Поскольку «Митридат» будет в центре внимания во второй части нашего исследования, я не буду представлять его заранее. Здесь отмечу лишь несколько деталей, непосредственно следующих из текста письма: они сообщают кое-что о том, как проходила работа над составлением книги, т. е. характеризовали образ деятельности ученого. Во-первых, из просьбы Гесснера следует, что он не поставил точку в исследовании «различий» языков («differentiae linguarum») в 1555 г., с появлением публикации «Митридата», и продолжал его, полагаясь на помощь своих корреспондентов, причем новые материалы должны были стать дополнениями к уже имевшемуся тексту, то есть основа и концепция книги оставались прежними. Во-вторых, примечательно определение, которое автор дал своему труду, – «говорящий на многих языках» (πολύγλωττος17); эта способность была важнейшим дифференциальным (жанровым) признаком книг-полиглотов; существенную роль в «полиглоссии» играли языковые «образцы». В-третьих, изучение языков являлось для Гесснера своего рода πάρεργον, дополнительным занятием, наряду с деятельностью городского врача и насущными заботами члена Республики ученых; материал о языках собирался по случаю, с оказией. Представляется, что все три аспекта, несомненно связанные с биографией Гесснера (которая будет изложена в Главе 3), имели также более общее значение и существенным образом отличали практику изучения языков и их сопоставления в раннее Новое время.

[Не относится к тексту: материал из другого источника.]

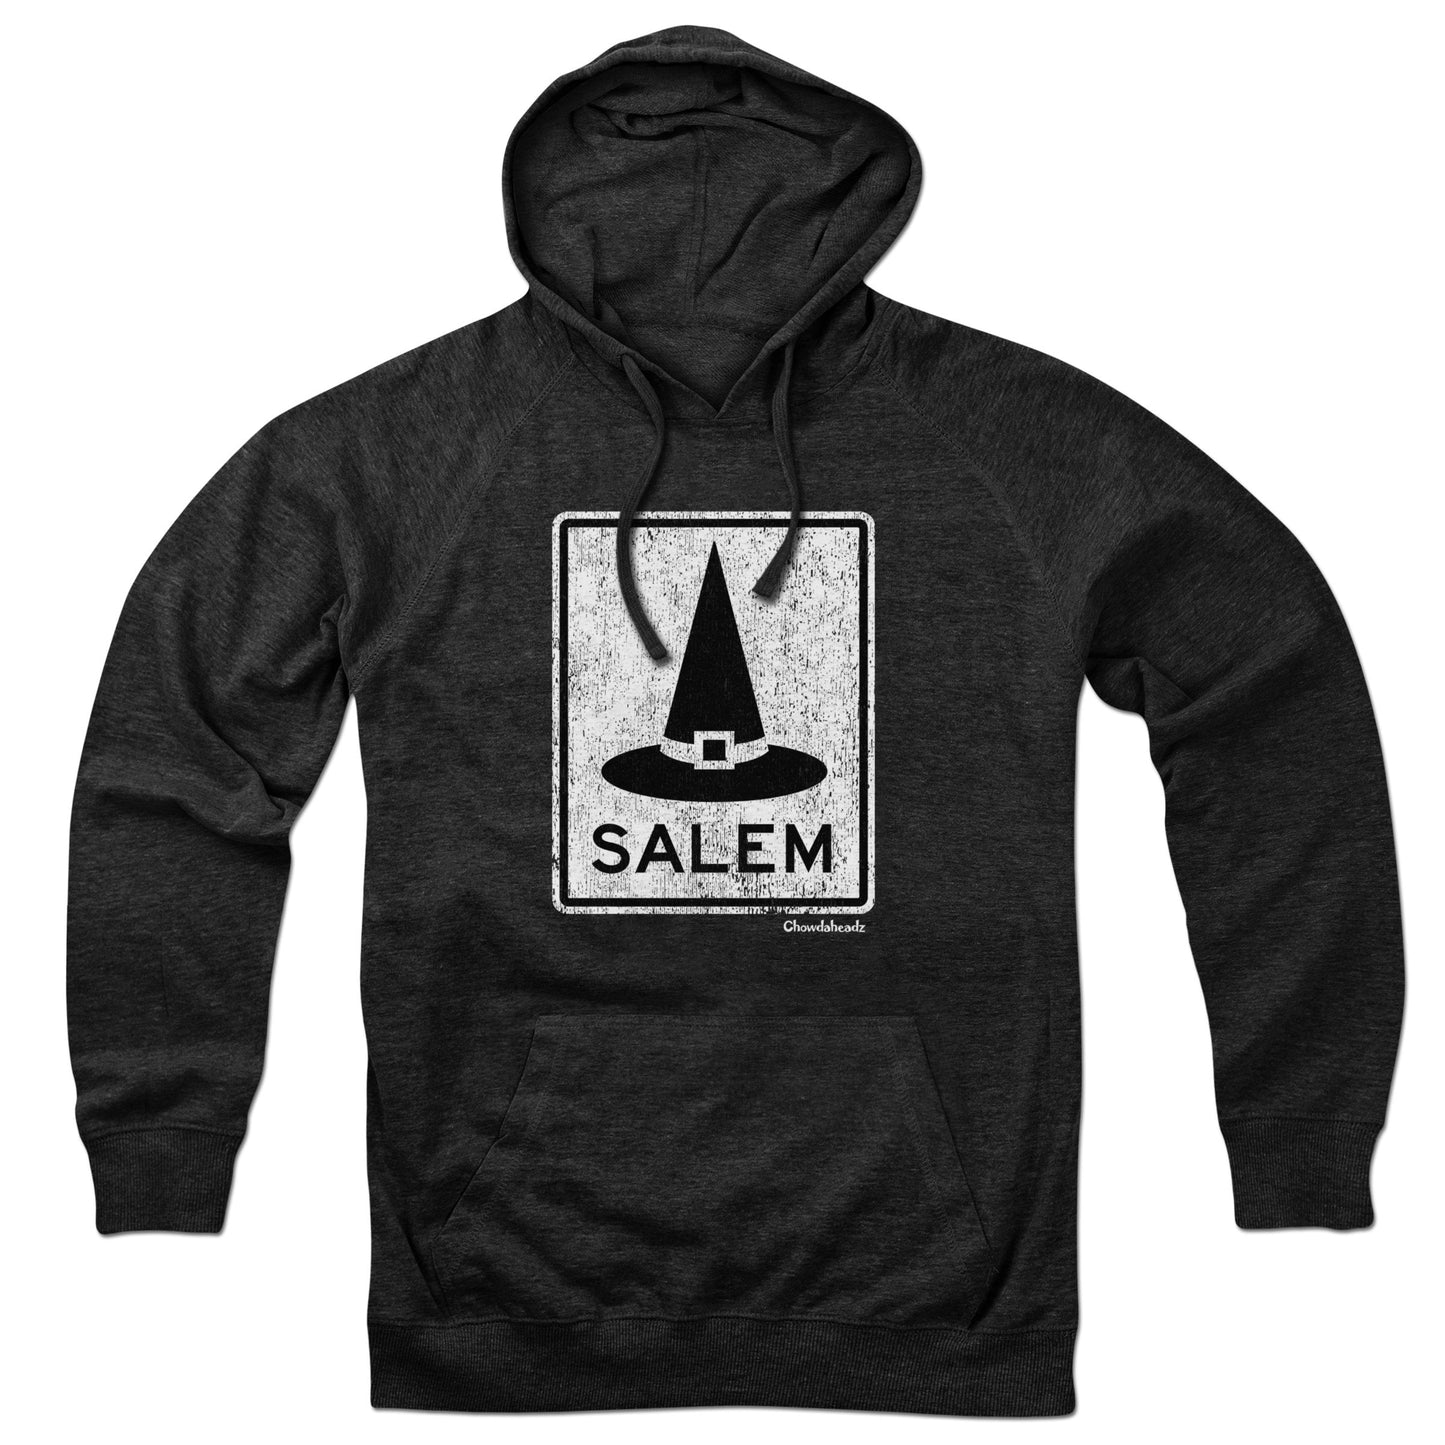 Salem MA Witch Hat Sign Hoodie - Chowdaheadz
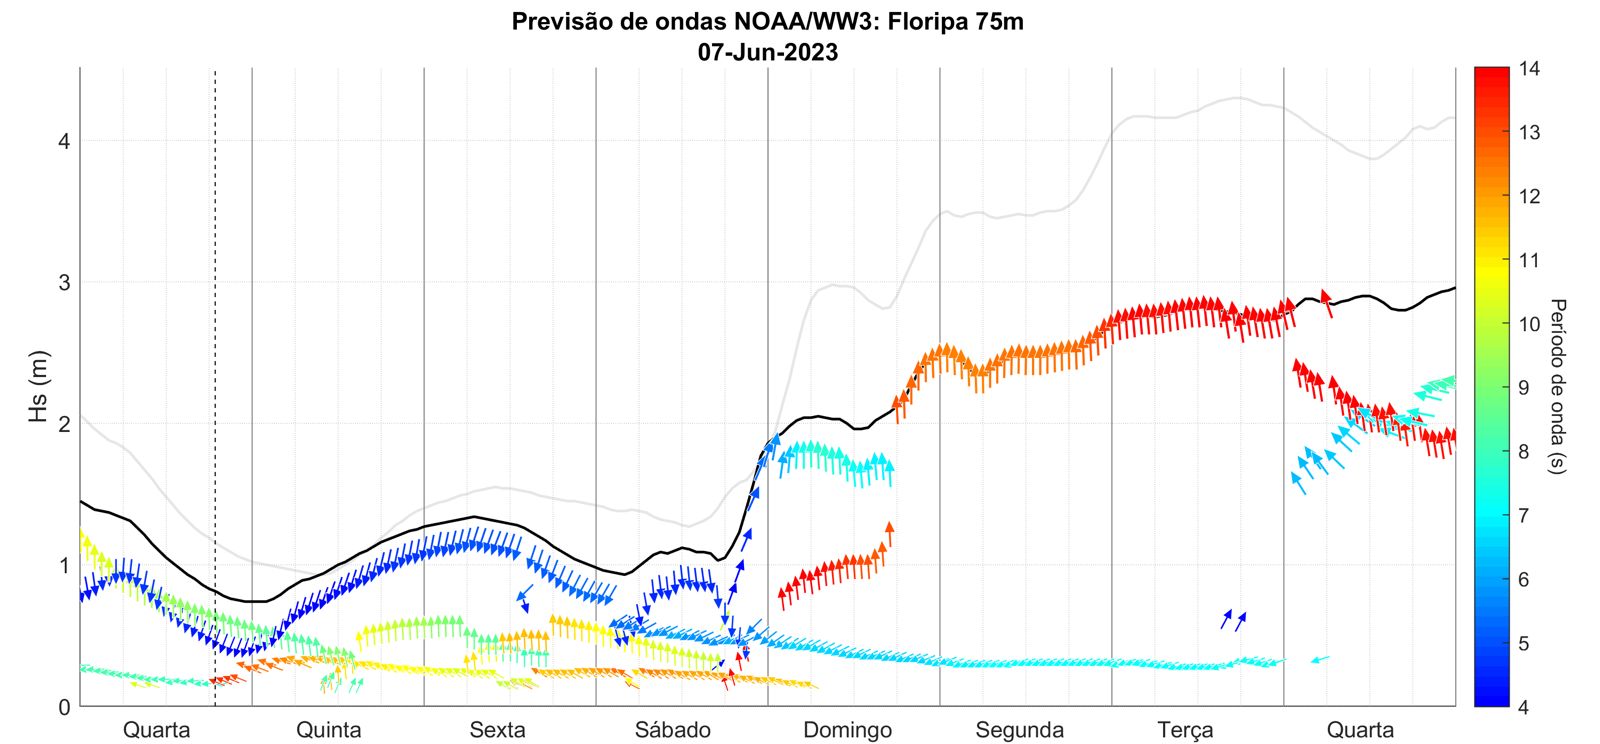 Previsão de ondas para Floripa apresenta chegada da ondulação de S-SW no domingo, virando para S na segunda, quando alcança os 3 metros de altura (na praia deve chegar a 2,5 m). Ondas que se mantém grandes até quarta-feira.

Авторы первых трудов о языках мира охотно черпали готовый материал из доступных литературных источников. Однако интересы ученых-предшественников, работавших в Античности и Средние века, редко касались языков за пределами «цивилизованного» мира, говорившего и уж точно писавшего на латыни и греческом. В результате эти языки ученым-гуманистам XVI в. приходилось «открывать» заново. Постепенно в поле их зрения попали восточные языки оригинала и древних переводов Библии, новые языки европейских народов (независимо от их литературных достоинств), а также языки далеких земель, ставших объектом европейской колонизации. Чтобы получать сведения о языках и диалектах, обойденных вниманием классической традиции, требовалось совершать путешествия, работать с информантами, обмениваться письмами с другими учеными, читать документы, хранящиеся в архивах. Все эти типы источников то и дело упоминаются в тексте книг-полиглотов (как я буду называть их, используя аутентичный термин из приложения к «Митридату»18, повторенный затем в письме Гесснера).
Что же представляли собой такие книги? Если обратиться к титульным листам изданий, мы обнаружим самые разные жанровые определения – «алфавит», «введение», «комментарий», «сокровищница» и т. д. С некоторой осторожностью их можно определить как лингвистические справочники, имея при этом в виду, что содержательно они заметно отличались от привычных нам справочных изданий, подразумевающих алфавитное или систематическое расположение материала, наличие заголовочных слов и дефиниций, библиографических списков и т. д. История книг-полиглотов отражала поиск формы для нового научного материала – сведений об известных языках мира, число которых постоянно росло. Для обозначения самого факта их существования и классификации языков не хватало известных прежде и узаконенных рамок – латинской грамматики, словаря, комментария к Библии или истории народов. Разумеется, постоянно делались попытки применить эти дискурсы к описанию языкового многообразия: этимологии слов и само возникновение языков связывались с историческими и легендарными событиями, составлялись многоязычные лексиконы и т. д. Однако языковой материал поступал в Западную Европу в столь значительном объеме, что начал образовывать некий самостоятельный предмет, для полноценного изучения которого в науке еще не было инструментов и метода.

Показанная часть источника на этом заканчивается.